Bank of Ghana GHS 15.6 Billion Loss Bought Stability, Says Analyst
The Bank of Ghana's GHS 15.6 billion loss in 2025 represents the cost of achieving significant macroeconomic stability, according to finance policy analyst Senyo Kwasi Hosi. He contends that the loss was not a sign of failure but a necessary expenditure stemming from policies like open market operations, the Domestic Gold Purchase Programme, and foreign exchange revaluation charges. These actions helped to sharply reduce inflation and stabilise the Cedi, reversing prior fiscal slippages and monetary expansion.
The Bank of Ghana recorded a GHS 15.6 billion loss in 2025. This loss represents the financial cost of achieving macroeconomic stabilisation, according to entrepreneur and finance policy analyst Senyo Kwasi Hosi. He argues the central bank’s actions delivered one of Ghana’s most significant economic turnarounds in recent years.
Mr. Hosi stated that public discussion focused too narrowly on the headline loss. People ignored the important policy outcomes that followed the central bank’s actions. He noted that the speed of criticism should match the speed of acknowledging success.
This financial result was mainly due to three policy-related costs. These included GHS 16.7 billion for absorbing excess money in the system through open market operations. There was also GHS 9.1 billion spent on the Domestic Gold Purchase Programme to build national reserves. Finally, GHS 29.1 billion came from foreign exchange revaluation charges, caused by a stronger cedi. Ghana entered 2025 with significant fiscal overspending, amounting to 3.1% of its total economic output, which created excess cash in the banking system.
“These are not commercial losses. They are policy costs; the price of reversing years of fiscal slippages and monetary expansion,” Mr. Hosi wrote in a commentary. He titled his analysis “The BoG Loss That Saved the Economy.” Central banks do not aim to make profits; their job is to keep prices stable, protect the currency, and maintain trust in the financial system. When they act strongly to bring back stability, their financial records show the cost of those actions, but the economic benefits are much greater than these accounting charges.
Mr. Hosi emphasised that the Bank of Ghana had very little choice but to act decisively. The economy faced immense pressures from government spending and too much money circulating in the market at the start of 2025. He pointed to a GHS 36 billion overspend, which was equal to Ghana's entire loan from the International Monetary Fund at the time. This overspending flooded the financial system with extra cash.
The clearest sign of the central bank's successful policies was a dramatic drop in the growth of reserve money and a sharp fall in inflation. Mr. Hosi highlighted data from the Bank of Ghana and the Ghana Statistical Service. This data showed that reserve money growth plummeted from 104.5% in late 2024 to 2.6% by December 2025. Inflation also fell for 13 months straight, from 23.8% to 5.4%, and further to 3.2% by March 2026. This demonstrates strong monetary policy in action, according to Mr. Hosi.

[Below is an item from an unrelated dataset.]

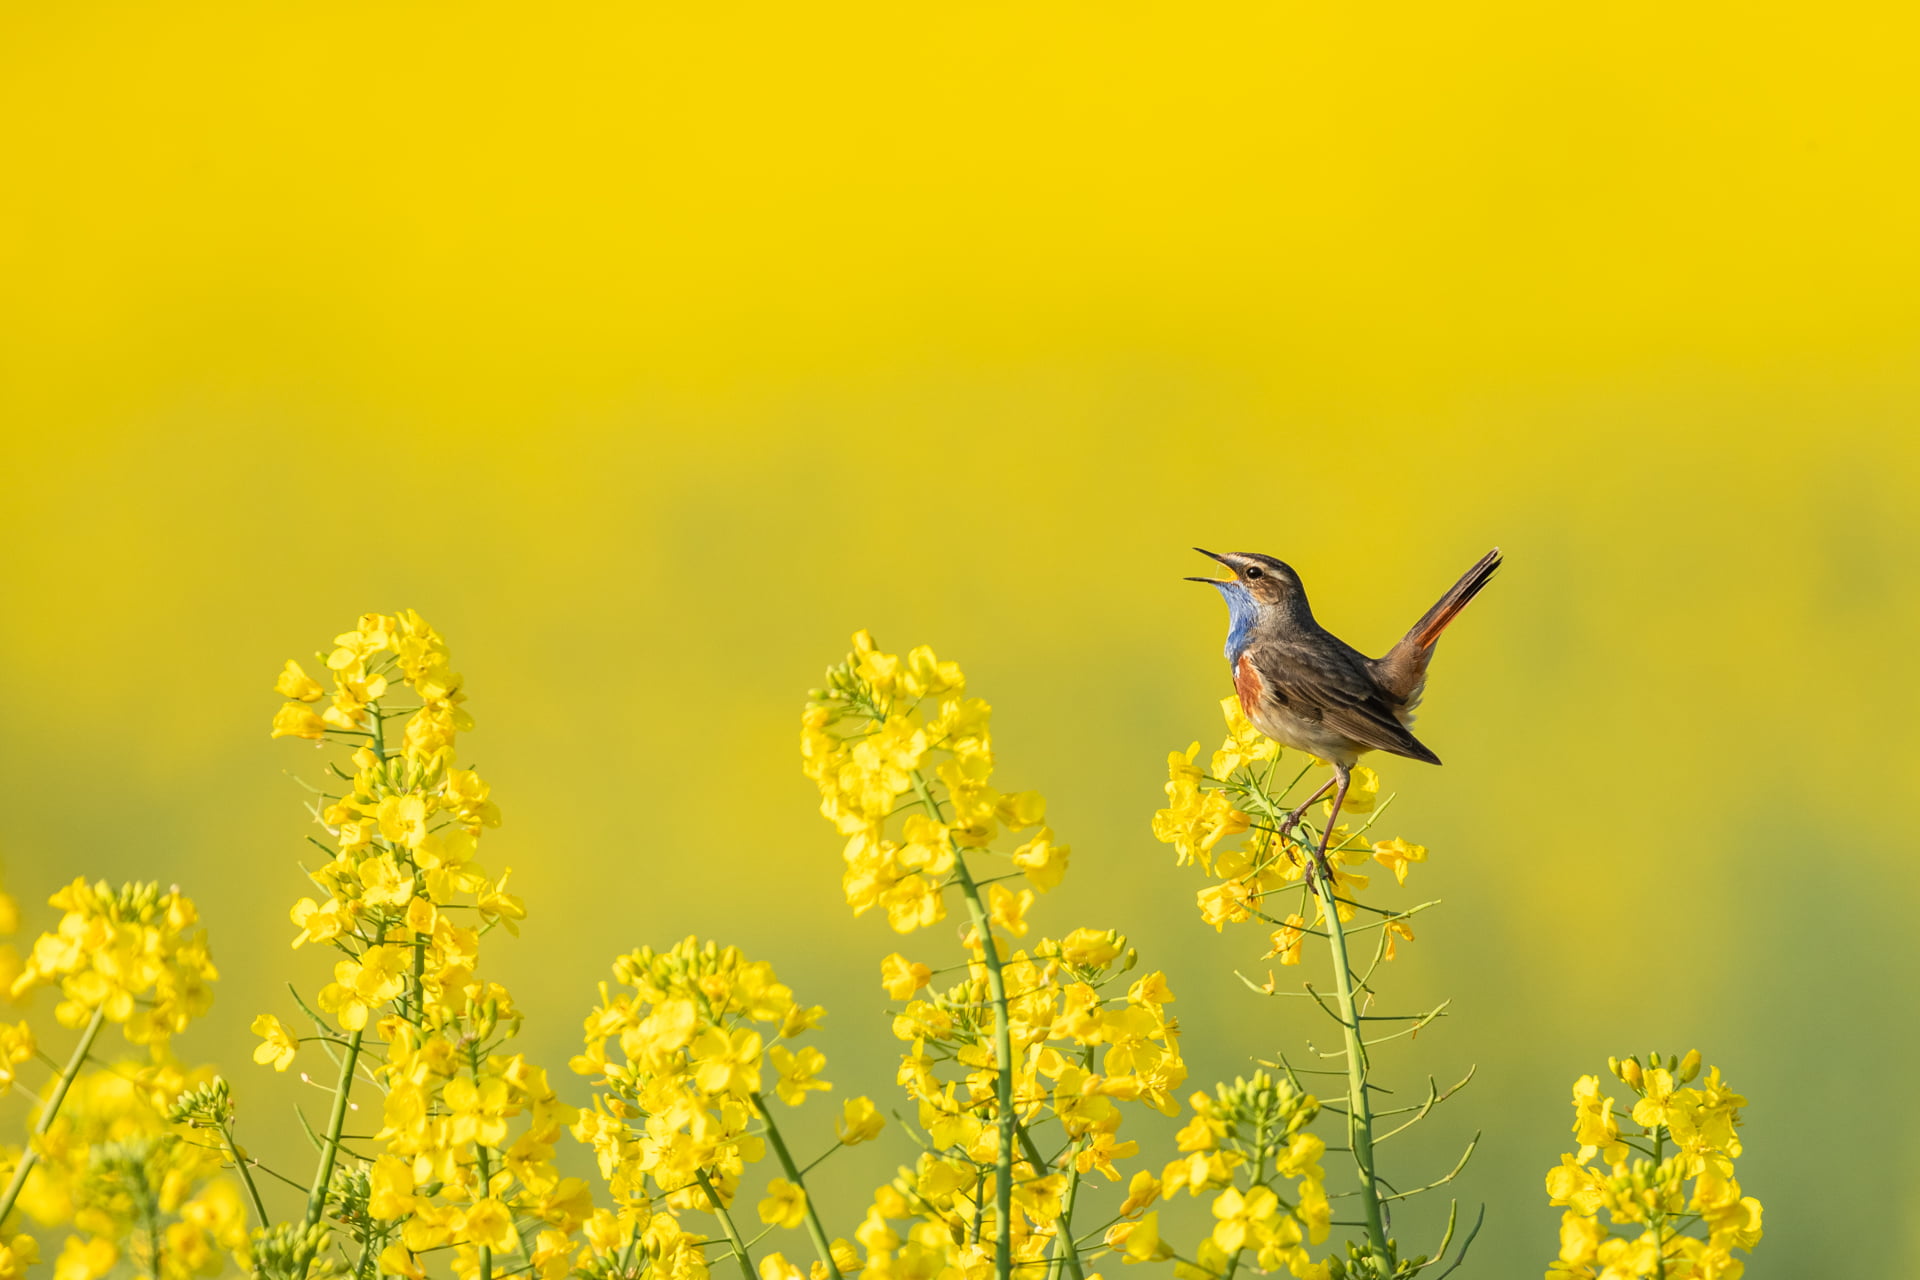 Gorgebleue à miroir chante dans un champ de colza, Baie de somme - Bluethroat sings in a rapeseed field, Baie de somme / Luscinia svecica

Mr. Hosi explained that open market operations were the central bank’s most effective tool against inflation during this period. By selling financial instruments, the Bank removed excess money from the economy. This significantly slowed down the growth of reserve money and helped to reduce inflationary pressure. He asserted that the GHS 16.7 billion cost for these operations was an investment that paid off, not a loss.
He also defended the GHS 29.1 billion foreign exchange revaluation charge. This was an accounting effect, not a loss of actual cash. The cedi grew stronger by 40.7% in 2025, which reduced the cedi value of the Bank’s foreign assets. Mr. Hosi clarified that no reserves were lost and no money left the central bank. It was simply a paper loss on the books due to the cedi's appreciation. For example, if USD 100 was worth GHS 1,470 in 2024, it became GHS 1,045 in 2025 because the cedi got stronger. The USD 100 remained the same; the change was only in its cedi equivalent.
Furthermore, Mr. Hosi supported the GHS 9.1 billion Domestic Gold Purchase Programme. This programme increased Ghana's gold reserves from USD 9.1 billion to USD 13.8 billion. Ghana now has enough reserves to cover 5.7 months of imports. The programme expanded to 111 metric tonnes of gold in 2025. This was a smart investment for national resilience and contributed to the cedi’s strength.
The broader economic benefits are significant. These include inflation dropping to a single digit and the cedi gaining about 40% in value. Households and businesses saved over GHS 60 billion in import costs. The government saved more than GHS 12 billion on foreign exchange-linked expenses. Public debt decreased from 61.8% to 45.3% of the total economic output. The country now has record high reserves, lower interest rates for borrowing, and renewed trust in its currency. Mr. Hosi concluded that the Bank of Ghana’s 2025 loss was not a sign of poor management. Instead, it proved that the central bank effectively used its financial power to bring back stability during a critical time.